A breakthrough for deaf people occurred in 1988, at Washington’s Gallaudet University, which was established in 1864 for the deaf and hard of hearing. The university named its first deaf president after a protest movement that Prosser, then a student at the school, said deeply affected her.

On the legal front, the Americans with Disabilities Act of 1990 confirmed the rights of people with disabilities to equal access to essential areas of society, including civic participation, employment opportunities and the economic mainstream.

As U.S. society has become better equipped to accommodate deaf people, the deaf community has come to see itself as a subculture and a linguistic minority.

Prosser said the multicultural nature of the U.S. enables it to accept the deaf as a new type of cultural group. It is this “new culture” that she wants people to explore.

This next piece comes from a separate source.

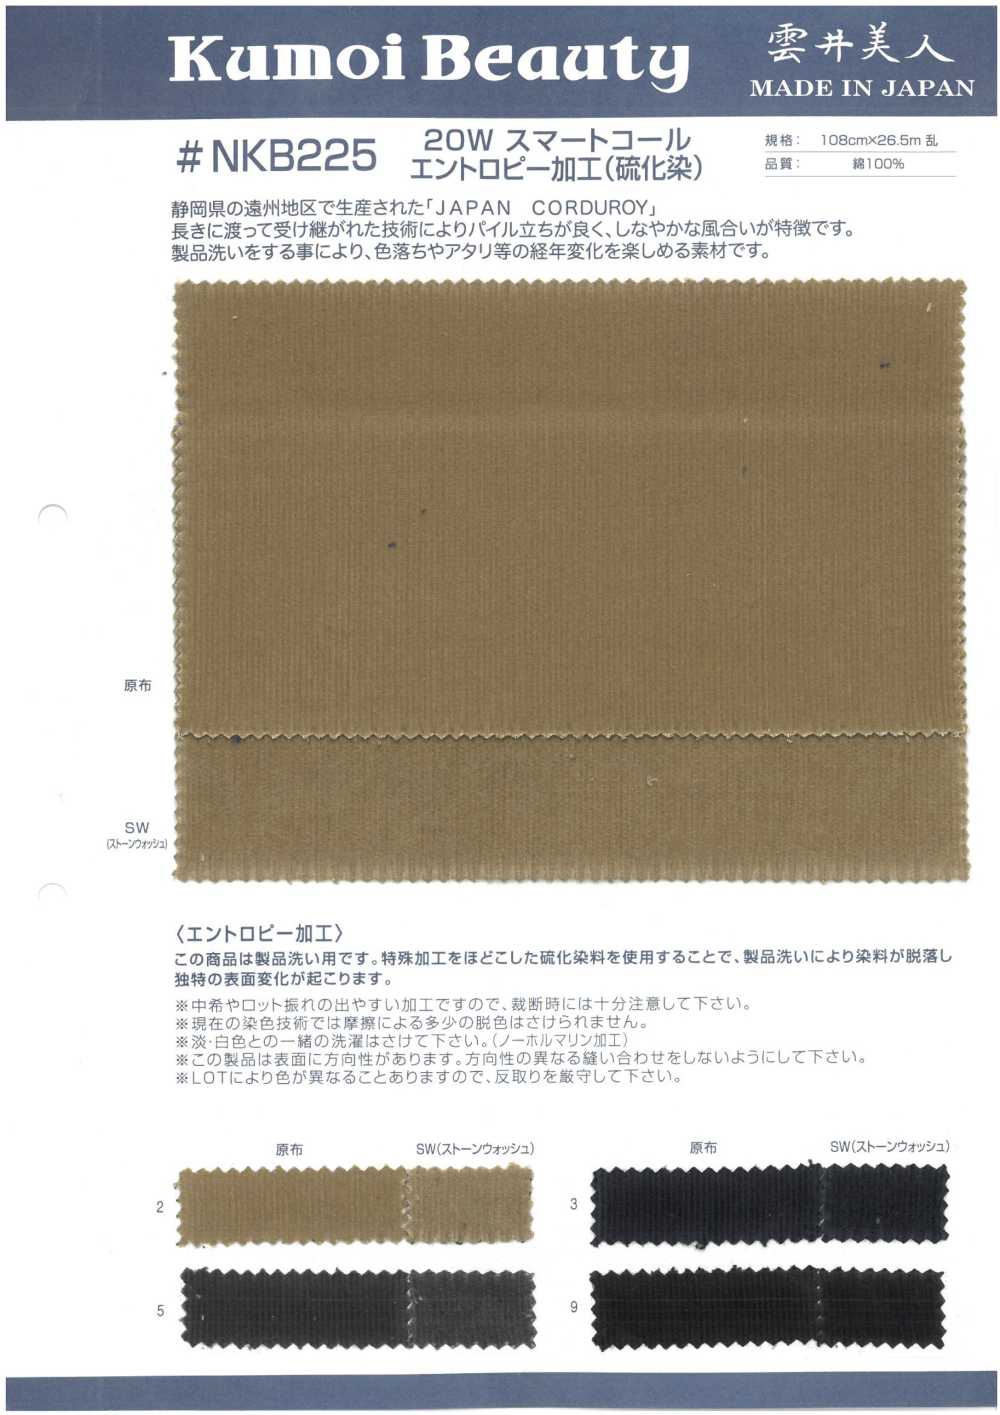 NKB225 20W Smart Corduroy Entropy Processing (Sulfide Dyeing)[Textile / Fabric] Kumoi Beauty (Chubu Velveteen Corduroy)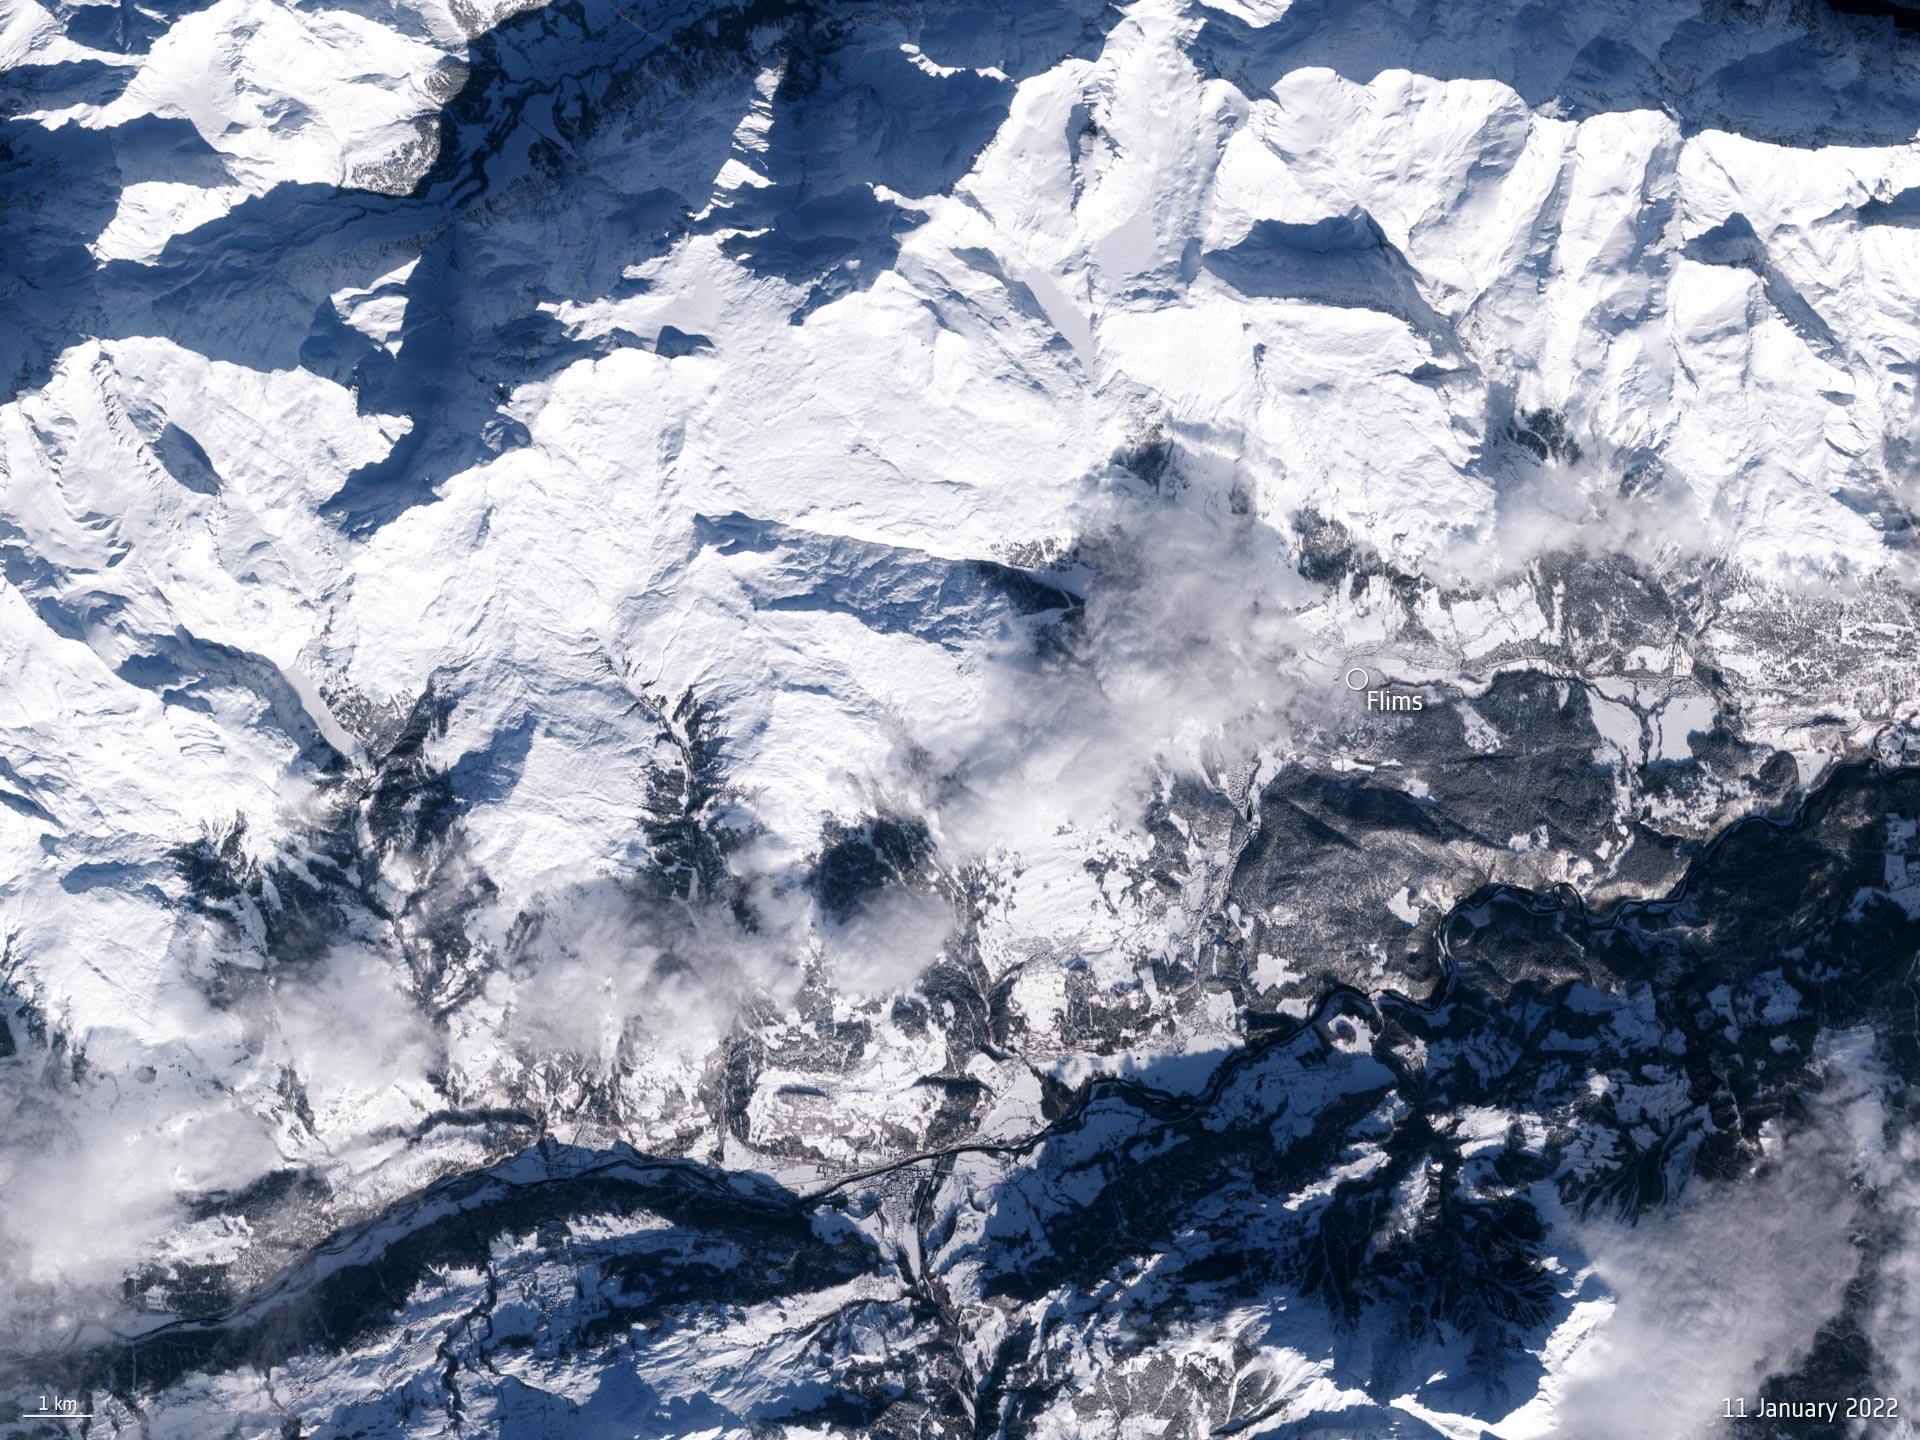 Recent Alps snow cover decline 'unprecedented' in past 600 years

Prosser believes that normalization for the deaf can only be accomplished when their language is recognized as a language — like English or Japanese — and business is generated from it. This will not happen as long as deaf people are perceived as being handicapped and jobs in the deaf community exist only on a voluntary basis.

“There are many people working as volunteers for the deaf, like interpreters,” she said. “Their intentions are good, but as long as it’s voluntary, the quality (of the work) cannot be controlled.”

She questions why sign language translators should remain unpaid, unlike translators of spoken languages.

“I want the level of volunteer interpretation to be elevated from welfare to business and show that American sign language, just like normal English, can be turned into big business,” she said. “This in turn will increase the social participation of deaf people and realize true equality.”